5 posted 2001-04-19 04:52 PM


Most of my ‘corrections’ are punctuation based, so look closely. Also, the capitalization of the first letter of each line is inconsistent and unnecessary. I feel it reads better they way I’ve rewritten it below. Other adjustments are indicated line by line.

A scarab rolls its ball of dung,
going somewhere in the desert.

But I don't know where that where is.


This sentence should be rephrased. However, I think the reworking would be more effectual in your hands, Brad, so I didn’t touch it.

It looks inefficient, and yet those
Before and After Akhenaten
saw Ra, the roller of the sun.

If you close your eyes, you can hear
something like movement.


Wonderful!  

A man -- brown skin, thin and mustached --
stood in the middle of the desert;
shielded his eyes from the wind and the dust.
He stood alone between the sand dunes.
He stared waiting for something.
But what can happen here?

Turning, he became aware of his examination,
paused,
And accused me in silence:


The repetition of ‘He…’ became tedious in the third line, and the following words struggle over themselves. The above is my approach to its rewording.

Usurper.

I think ‘Usurper’ should be emphasized; the italicized letters is a subtle enough mean.

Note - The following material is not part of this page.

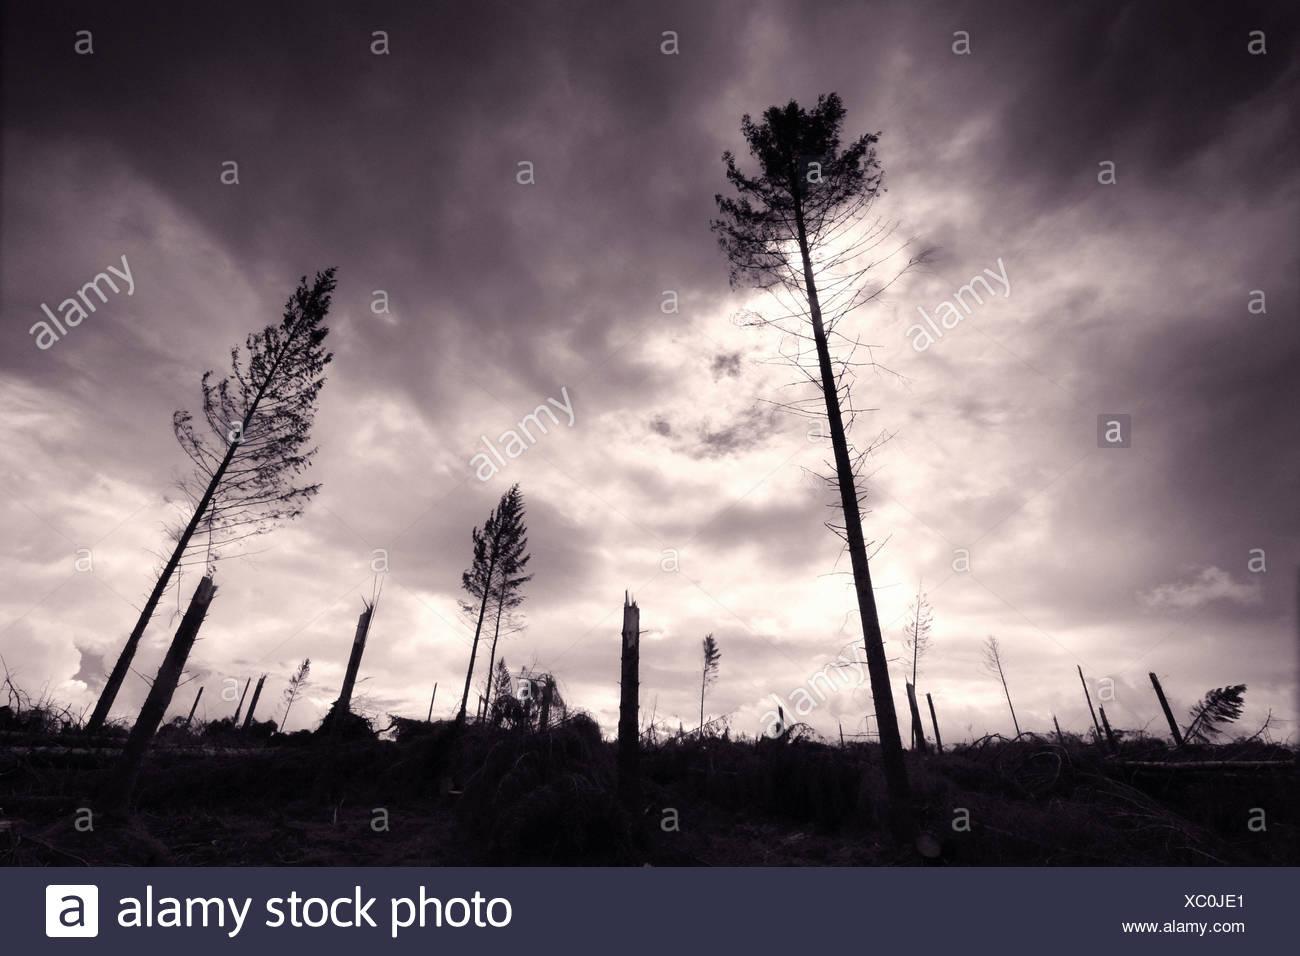 logging - Stock Image

If you close your eyes you don't have
to listen to the movement.


This line alone is WONDERFUL! Although the echo was meant to produce movement and connection, when coupled with its counterpart, this line it loses its effectiveness.

Out of the corner of perception,
in a blur of dyslexic acuity,
you'll notice that those you pass
are passing for someone else;
instead of eyes: crimson spheres of glass
that hide unsaid thoughts and hint
chaos behind a smile.

They do not always wait in the desert
or roll like Ra, the winged one.


You need to work on your message (which was not totally clear), and visual aesthetics, but overall, this was a great poem!  

Stacey

Brad
Member Ascendant
since 1999-08-20
Posts 5705
Jejudo, South Korea
6 posted 2001-04-22 09:53 AM


A quick thanks to everyone.

Roxanne,
watercolor of hell -- I loved that

Tony,
Hmmm, the last two lines were there to bring everything together -- perhaps its too clear?

Jenny,
That you felt the connections but couldn't quite articulate them is a great compliment. Thanks.

Furlong,
Same to you, a poem works first on a visceral level and only second on an interpretive one. At least, that's what I think.

Stacey,
Hope you can hang around for a while because we have very different ideas on aesthetics. This could get fun.